## AVAILABLE DATA
>>>

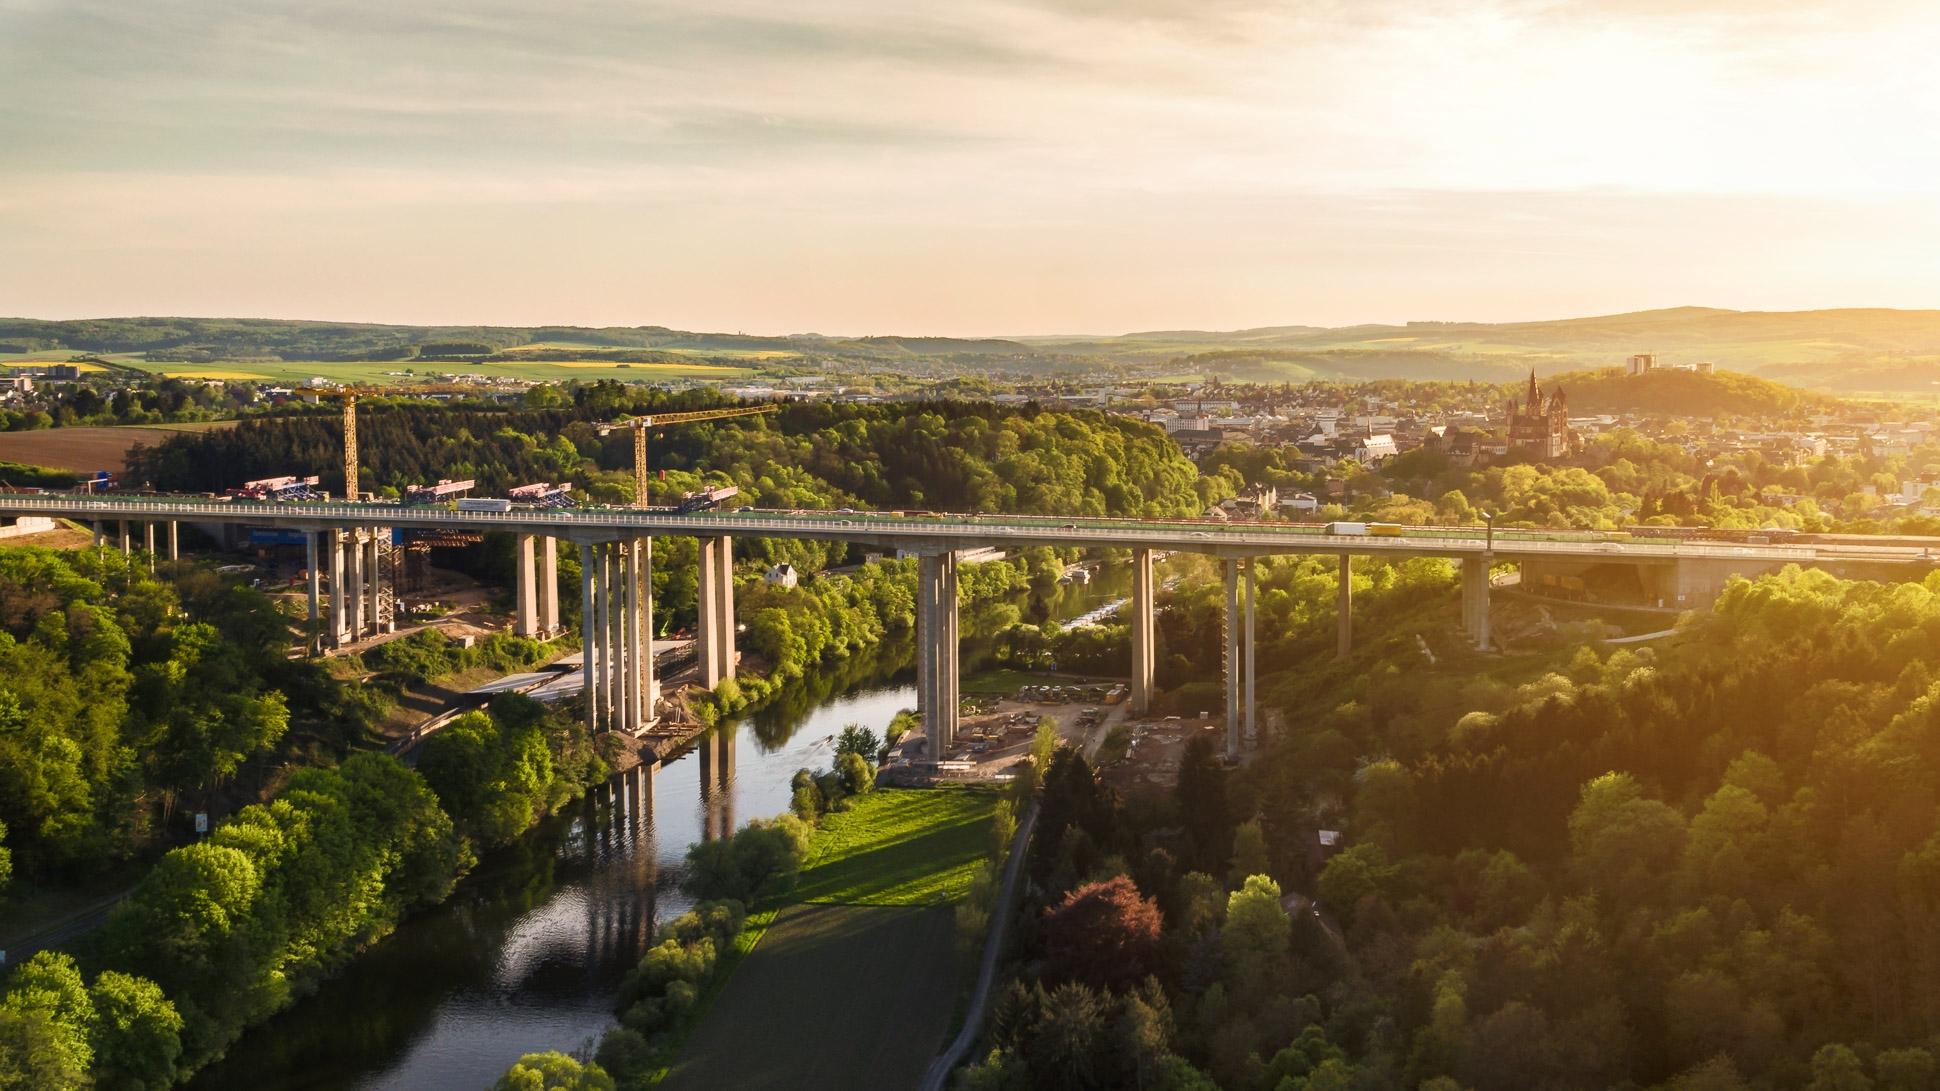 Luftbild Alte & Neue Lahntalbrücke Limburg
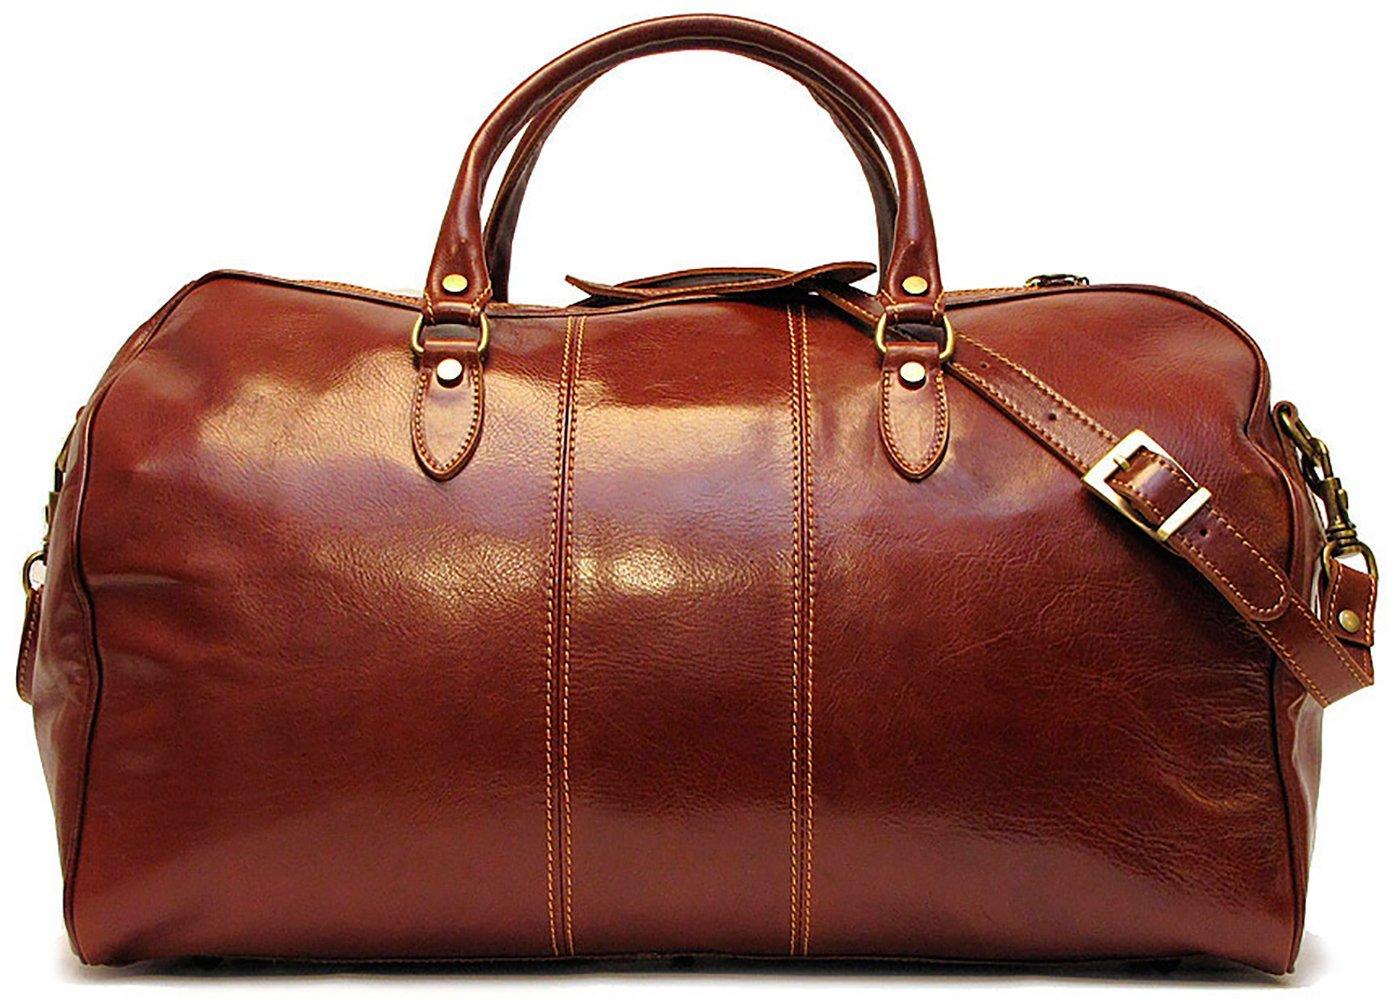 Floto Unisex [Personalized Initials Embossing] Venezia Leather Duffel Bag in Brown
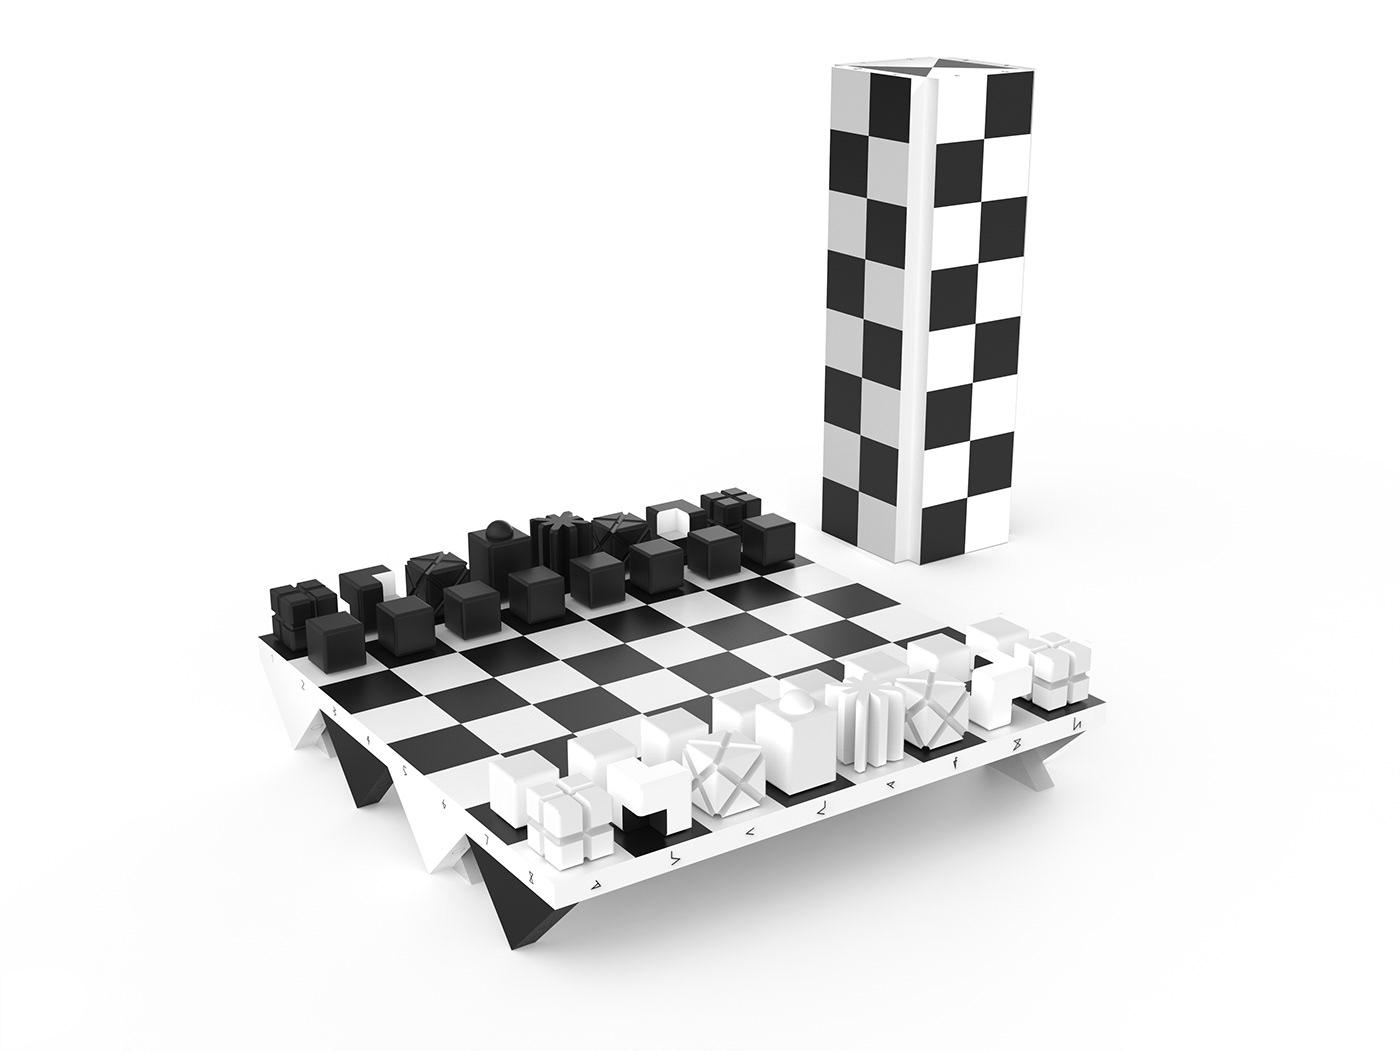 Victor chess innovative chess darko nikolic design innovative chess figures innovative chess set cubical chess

<<<

## TASK GOAL
Copy the listing word for word, excluding its pictures.

## ANSWER TO THIS PROBLEM
 Luftbild Alte & Neue Lahntalbrücke Limburg
 Floto Unisex [Personalized Initials Embossing] Venezia Leather Duffel Bag in Brown
 Victor chess innovative chess darko nikolic design innovative chess figures innovative chess set cubical chess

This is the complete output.